Christopher Knauf, Chief Financial Officer. Mr. Knauf was appointed chief financial officer effective February 14, 2024. He has an extensive background in omni-channel integrations of design, manufacturing, retail, and wholesale distribution, with extensive financial management experience. Prior to joining the Company, he most recently served as the Senior Vice President of Accounting from February 2018 to 2024 for LocumTenens.com, LLC, one of the largest medical staffing companies in the United States. He has a BS in Finance from Fairfield University and an MBA from Fordham University.

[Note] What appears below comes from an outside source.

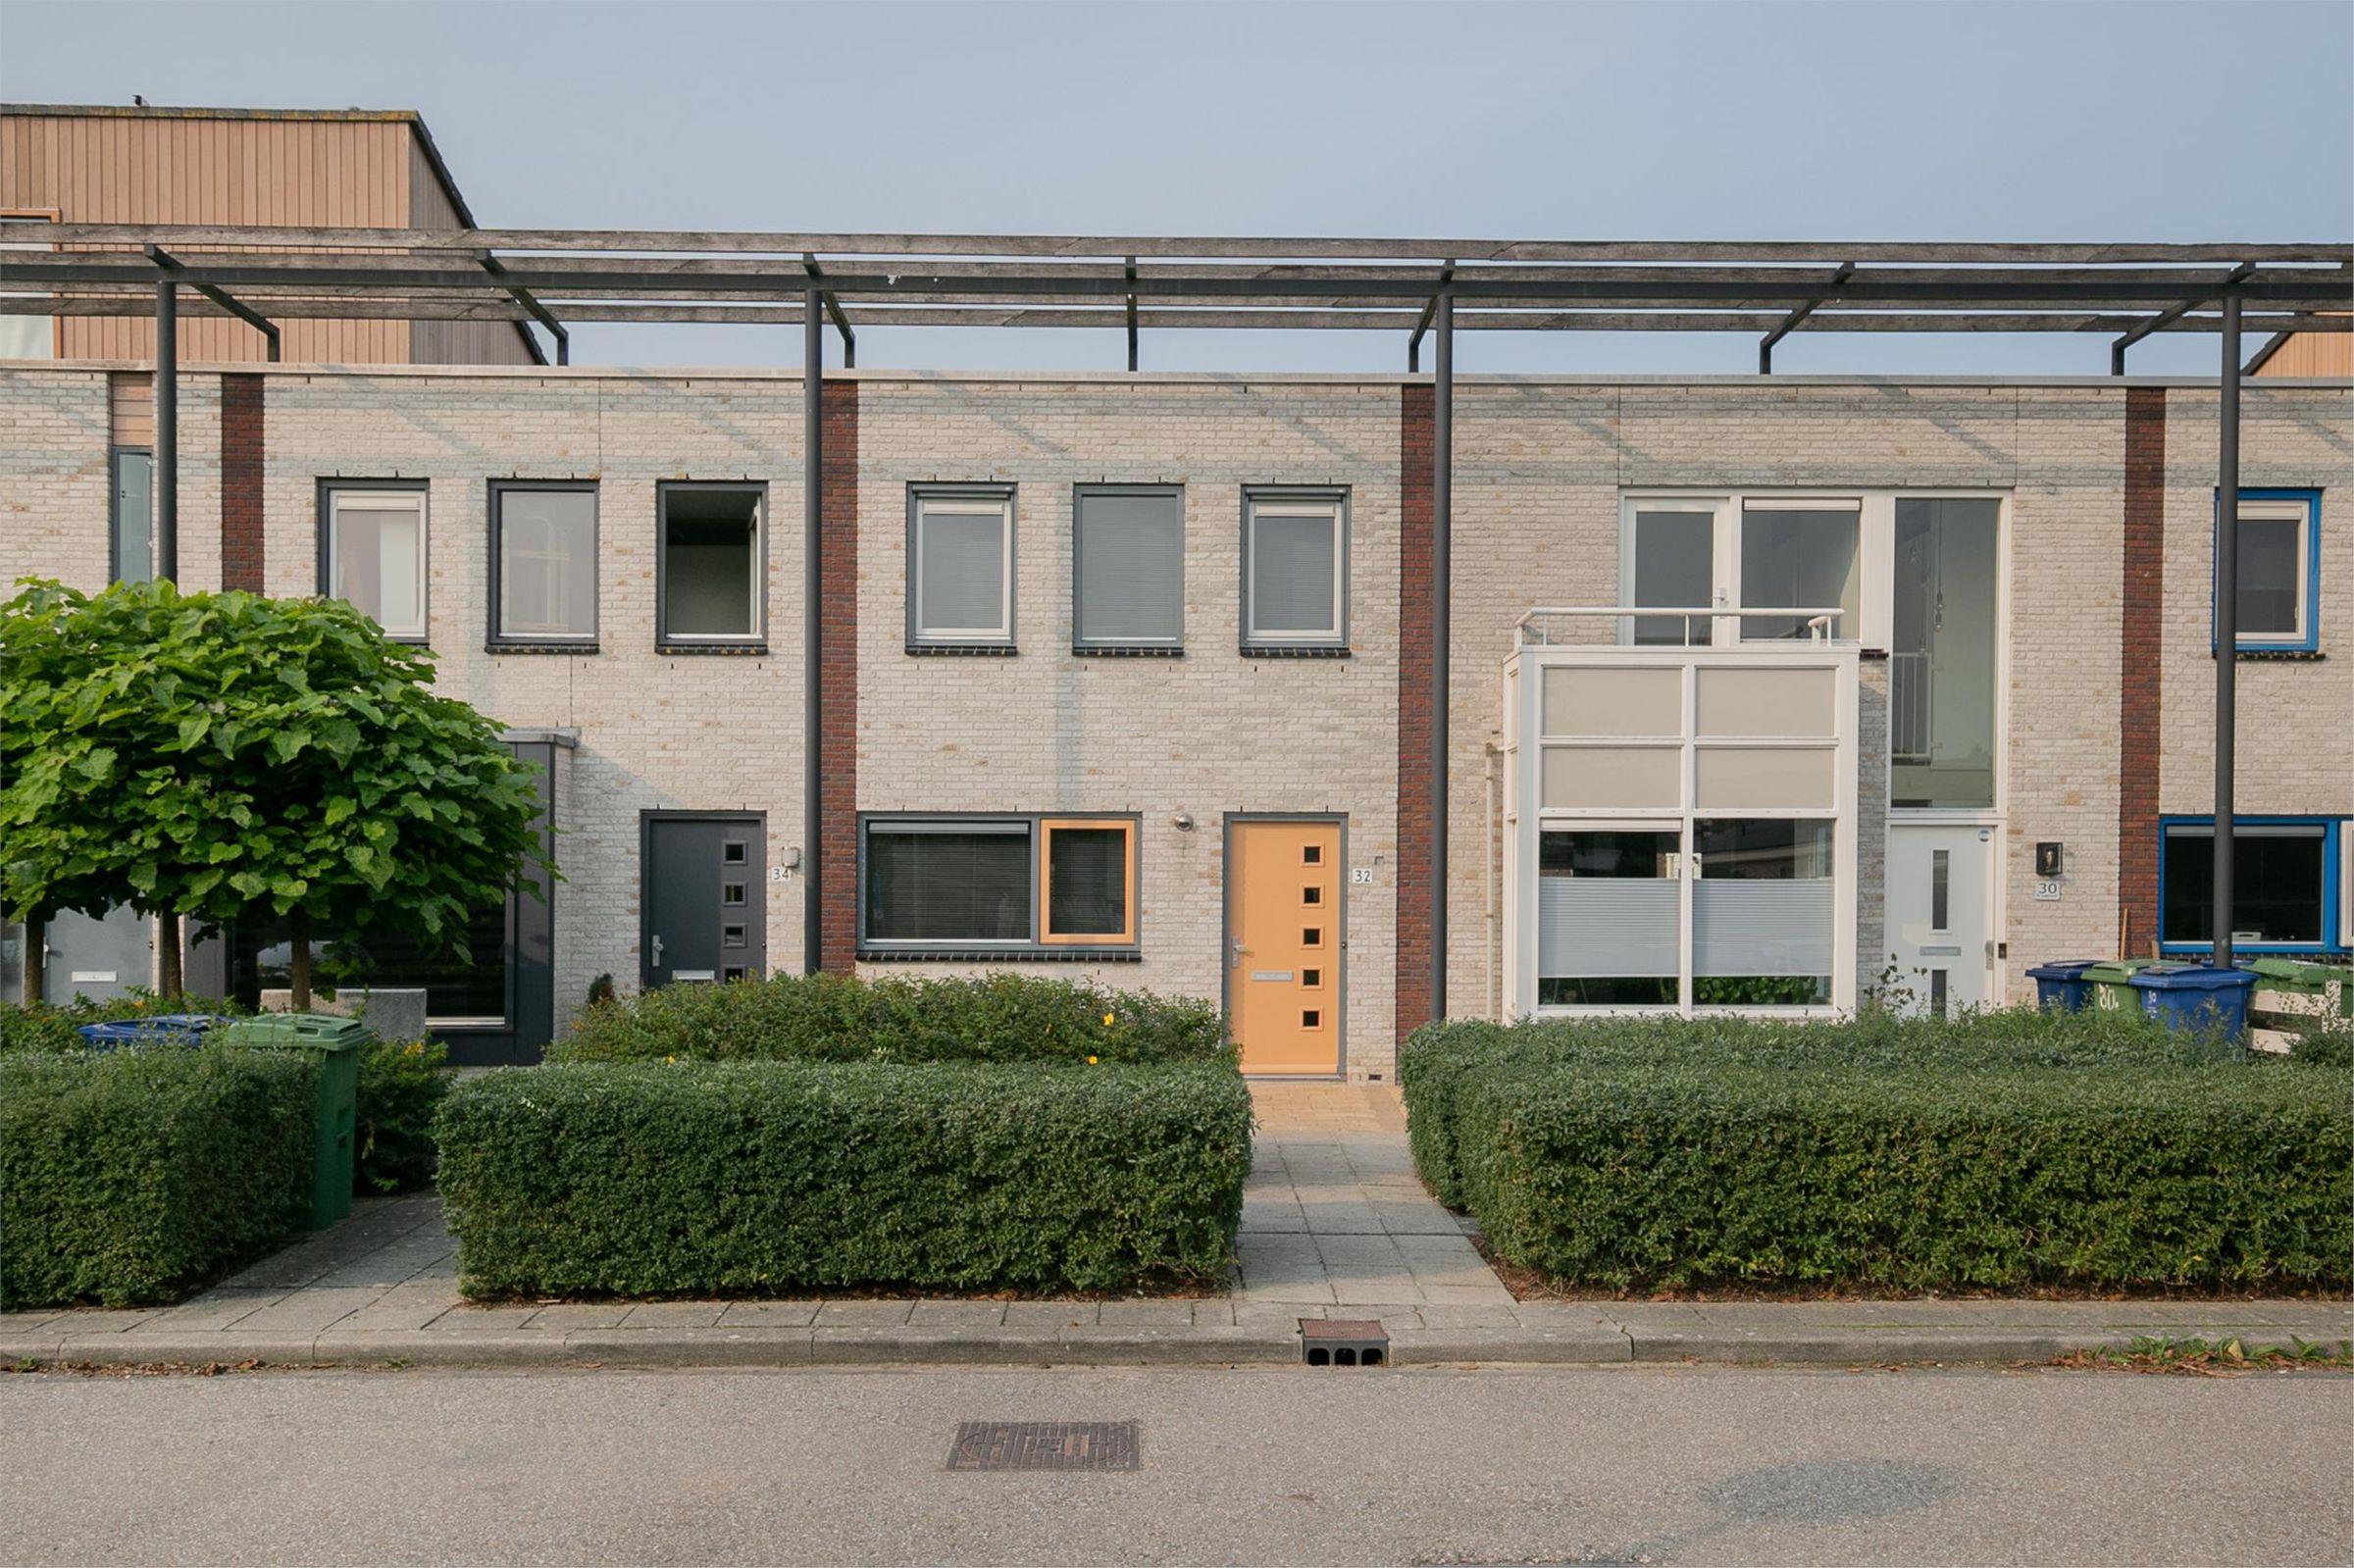 Goyastraat 32, Almere

Leslie Vogelman, Treasurer. Ms. Vogelman joined the Company in October 2009 in connection with our merger with Old Liberator, Inc. Prior to that, she served as Old Liberator's Treasurer since June 2009, when OneUp merged with Old Liberator in June 2009. Ms. Vogelman joined OneUp at its inception in 2000 as Secretary and Treasurer. Ms. Vogelman holds a B.A. from the State University of New York in Binghamton and an M.B.A. from Adelphi University.

The experience and background of our director, as summarized above, were significant factors in such director previously being nominated a director of the Company.

Family Relationships

Louis Friedman, our President, Chief Executive Officer and Chairman, and Leslie Vogelman, our Treasurer, are husband and wife.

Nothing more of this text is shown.